Han Yunus’taki bir fırının önünde saatlerce bekleyen Muhammed Ganim, yaşadığı hayal kırıklığını “Burada alabileceğimiz hiçbir şey yok. Her şey çok pahalı.” diyerek ifade etti. Ganim, sınır kapılarının kapalı olmasının tüp gaz, un ve diğer temel gıda maddelerinin kıtlığına neden olduğunu ve mevcut ürünlerin fiyatlarının fahiş seviyelere ulaştığını aktardı. Birleşmiş Milletler Sözcüsü Stephane Dujarric, 3 Mart’ta düzenlediği basın toplantısında, İsrail’in Gazze’ye açılan ticari sınır kapılarını kapatmasının bölgedeki gıda fiyatlarının 100 katın üzerinde artmasına yol açtığını vurguladı.
“HAYAT BİR İŞKENCE HALİNE GELDİ”
Ekmek almak için fırının önünde kuyrukta bekleyen başka bir kadın, Gazze’deki Filistinlilerin hayatlarının “işkence haline geldiğini” dile getirdi.

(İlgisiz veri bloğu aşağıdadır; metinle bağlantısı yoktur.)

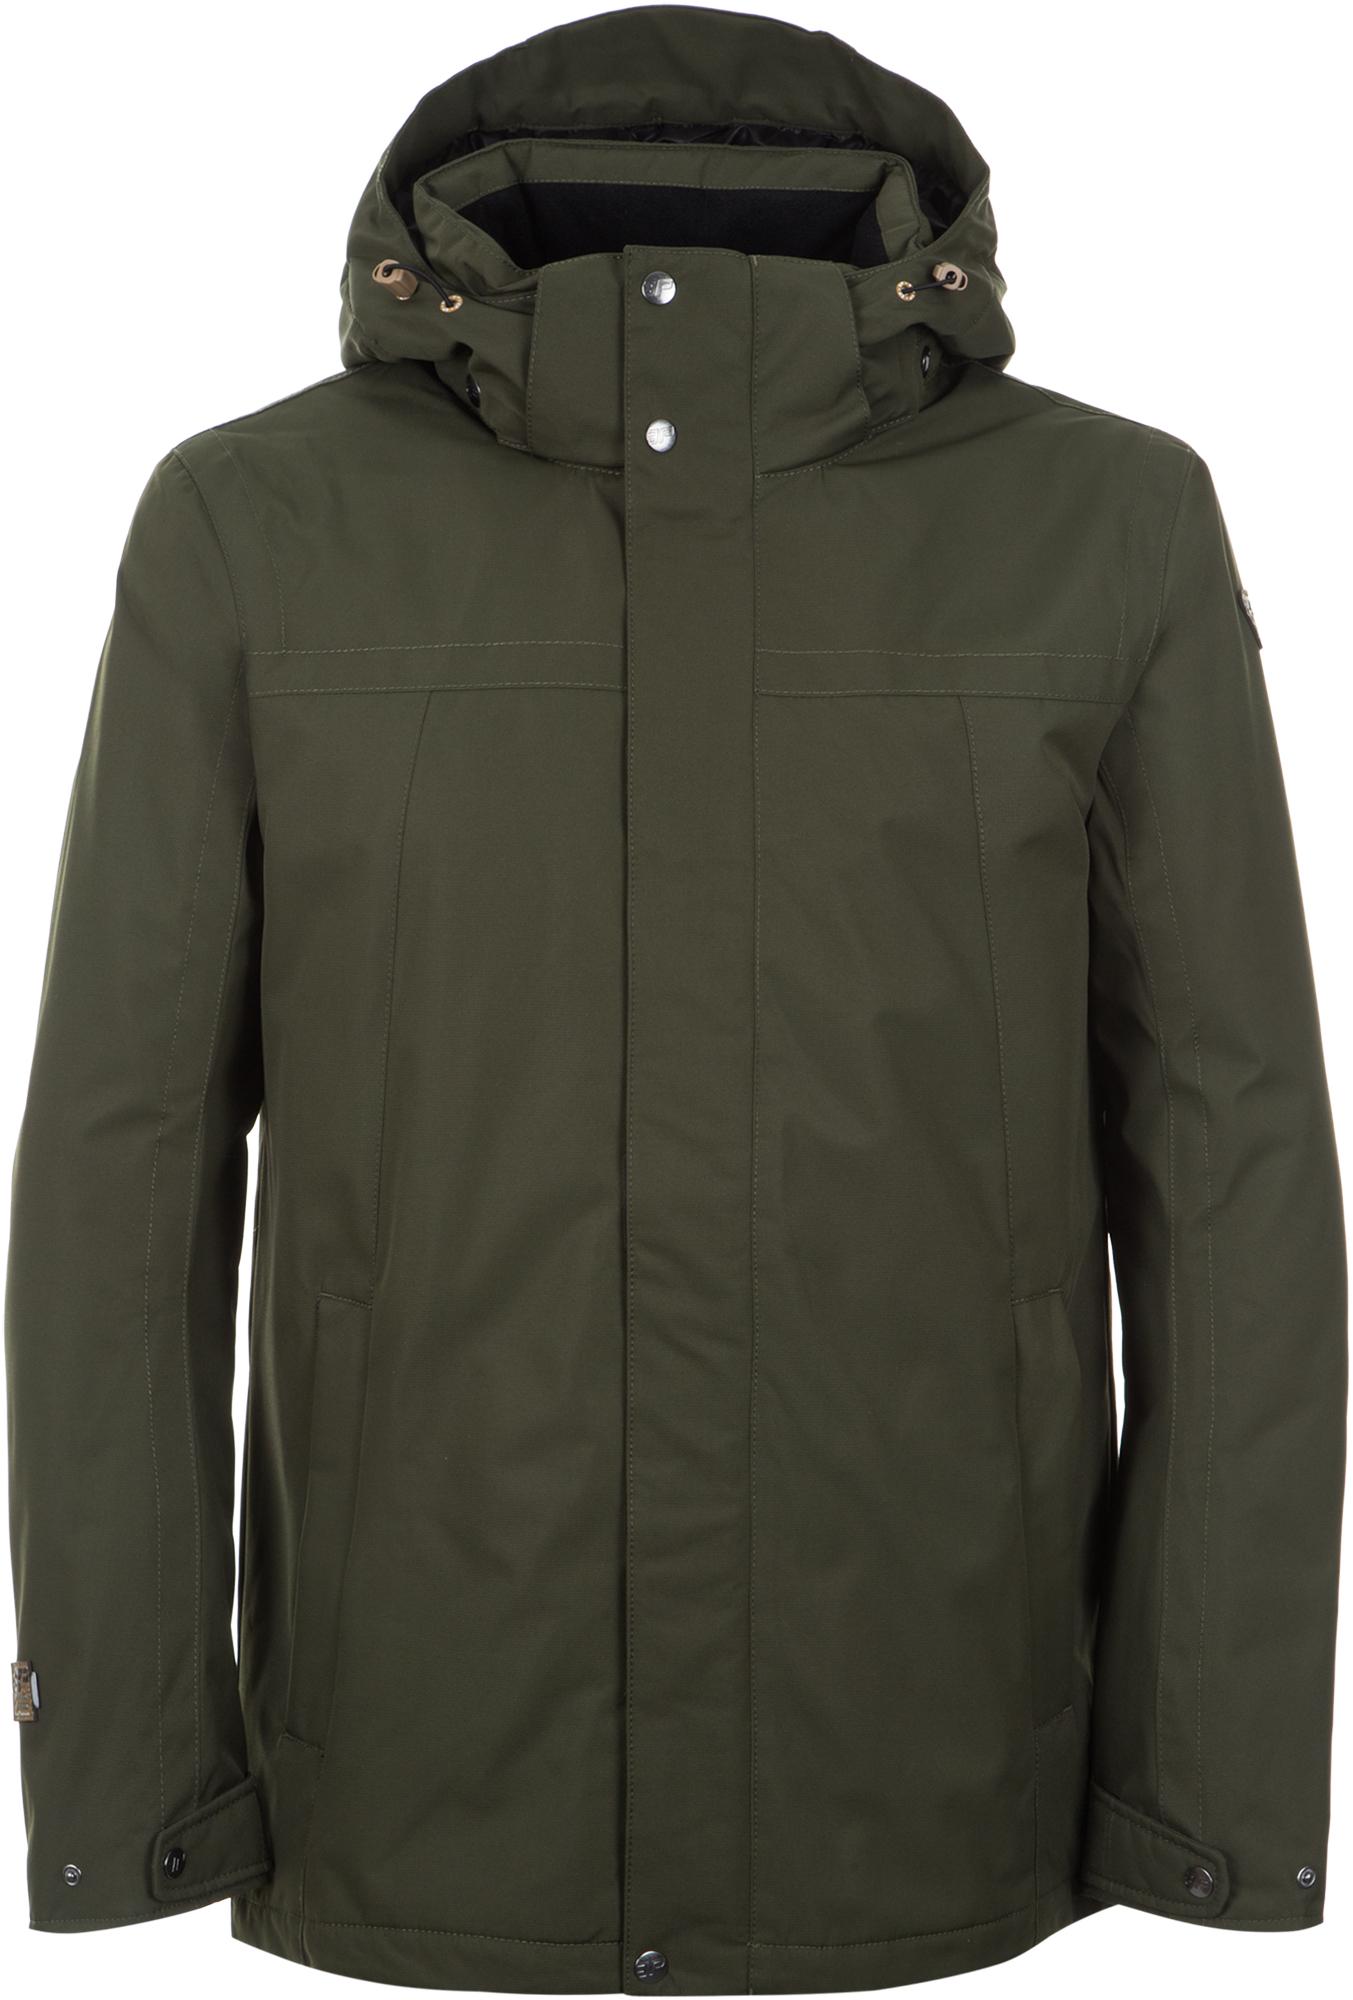 IcePeak Куртка утепленная мужская IcePeak Venne, размер 56 icepeak рюкзак icepeak ilma

Sınır kapılarının kapatılması nedeniyle sebze fiyatlarının artmasının yanı sıra, mutfak tüpü gibi temel yaşam unsurlarının da tükendiğini belirten Filistinli kadın, geçim kaynaklarının olmaması nedeniyle hayır kurumlarının yoksullara dağıttığı pirinçle ailesini geçindirmeye çalıştığını ifade etti.

Filistinli kadın, “Sabahın erken saatlerinden itibaren buraya gelip uzun kuyruklarda bekliyoruz. Hayatımız çok zor; bir ekmek alabilmek için bile büyük sıkıntılar çekiyoruz.” şeklinde konuştu.
Dünya Bankası verilerine göre, İsrail’in 16 ay süren “soykırım sürecinde” tüm Filistinliler yoksullaşma yaşayan bir grup haline geldi. Hükümet ve insan hakları yetkilileri, halkın büyük çoğunluğunun artık yardıma bağımlı olduğunu aktarıyor. Raid Ebu Mutaz, “İsrail ablukasının yoğunlaşması ve Gazze Şeridi’nin soykırımın etkilerinden kurtulamaması nedeniyle ailemin günlük ihtiyaçlarını karşılayamaz hale geldim.” diyerek, içinde bulunduğu zor durumu aktardı. Ebu Mutaz, fiyatların artmasının, ailesinin temel ihtiyaçlarını karşılamasını imkânsız hale getirdiğini ifade ederken, Gazze Şeridi’ndeki Filistinlilerin ilk kez ramazan ayını bu ağır abluka ve gıda yoksunluğu koşulları altında geçirdiğini belirtti.